Il affirme être victime d'une violation par la Jamaïque des articles 6,
7, 10 et 14 du Pacte international relatif aux droits civils et politiques.
Il est représenté par un conseil.
Les faits présentés
2.1 L'auteur dit avoir été condamné à mort le 17 février 1981 par le
Home Circuit Court de Kingston pour le meurtre d'un certain Rupert
Wisdom, le 22 septembre 1979. La Cour d'appel de la Jamaïque a rejeté
son appel le 11 novembre 1981. L'ordre de l'exécuter a été donné en février
1988. Au bout de 17 jours, un sursis lui a été accordé à la dernière minute
parce qu'une demande d'autorisation spéciale de recours devant la section
judiciaire du Conseil privé allait être déposée en son nom. Le 11 juillet
1988, cette demande a été rejetée par la section judiciaire du Conseil
privé, lequel s'est toutefois déclaré extrêmement préoccupé par la lenteur
de la procédure en l'occurrence et a demandé "qu'on mette au point
des procédures permettant d'éviter d'aussi pénibles délais".
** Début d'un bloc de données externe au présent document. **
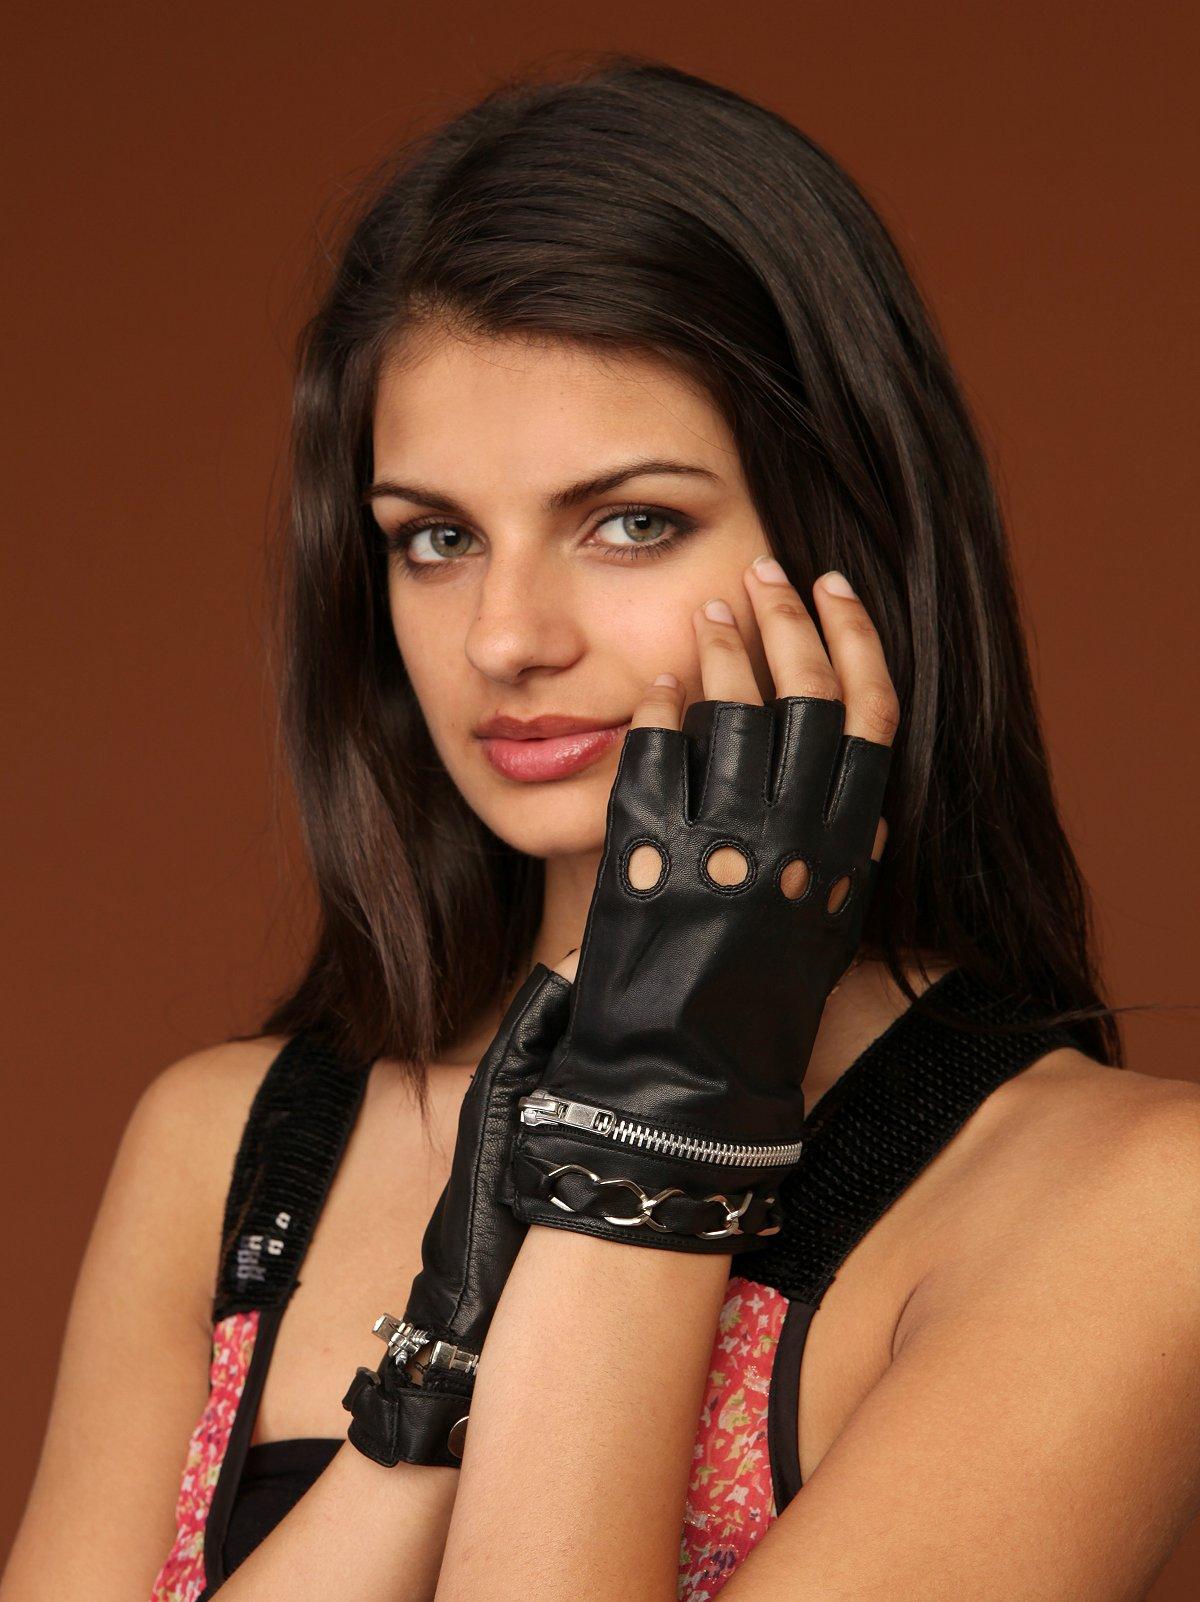 Chain Zip Fingerless Glove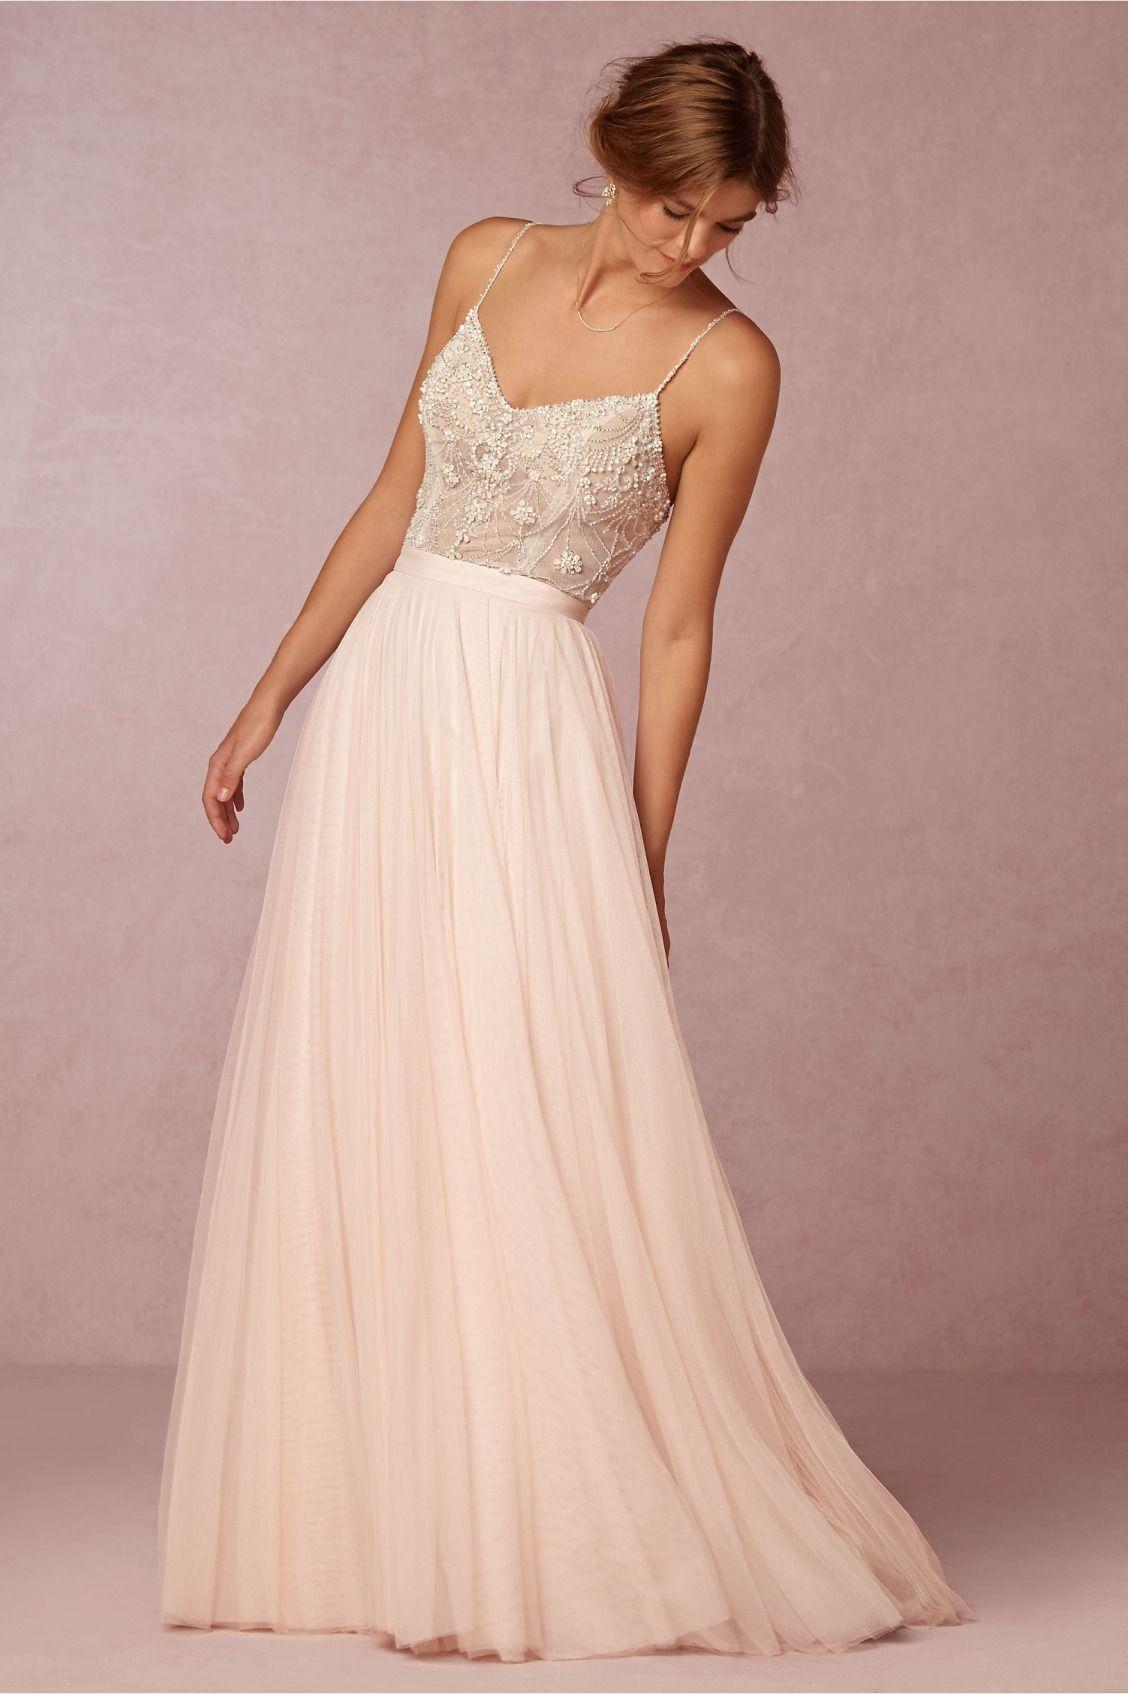 bridal separates | Ella Bodysuit & Amora Skirt in Porcelain from ...

2.2 En ce qui concerne les faits, l'auteur affirme que, le soir du 22
septembre 1979, alors qu'il avait une discussion animée avec une femme
de sa connaissance devant le domicile de cette dernière, M. Wisdom, qui
vivait dans les mêmes locaux, s'est approché et lui a demandé de quitter
les lieux; il l'aurait ensuite frappé au front avec une bouteille. L'auteur
aurait alors ramassé par terre un objet en acier pour faire face à son
agresseur, qui le suivait. Il s'en est suivi une bagarre, au cours de
laquelle M. Wisdom aurait reçu un coup fatal.
2.3 En ce qui concerne le procès, l'auteur soutient que, lors de l'enquête
préliminaire, deux témoins oculaires ont fourni des témoignages contradictoires.
L'un d'entre eux seulement, une femme, a témoigné pendant le procès et,
selon l'auteur, sa déposition contredisait la déclaration qu'elle avait
faite antérieurement. Lorsque l'avocat de l'auteur l'a interrogée à ce
sujet, il a été interrompu par le juge, qui s'est opposé à la poursuite
du contre-interrogatoire sur cette question. L'auteur signale que le témoin
en question était une amie personnelle du policier chargé d'enquêter sur
l'affaire, qui l'accompagnait chaque jour à l'audience.
La plainte
3.1 L'auteur affirme que son procès n'a pas été équitable, et que le
juge a commis une faute en omettant de soulever devant le jury la possibilité
d'un homicide involontaire. Il fait valoir que l'exposé des faits montre
clairement qu'il est plus que douteux qu'il ait eu l'intention de tuer
ou de blesser grièvement la victime; et que, même si son avocat n'a pas
invoqué cet argument, il était du devoir du juge d'envisager la question.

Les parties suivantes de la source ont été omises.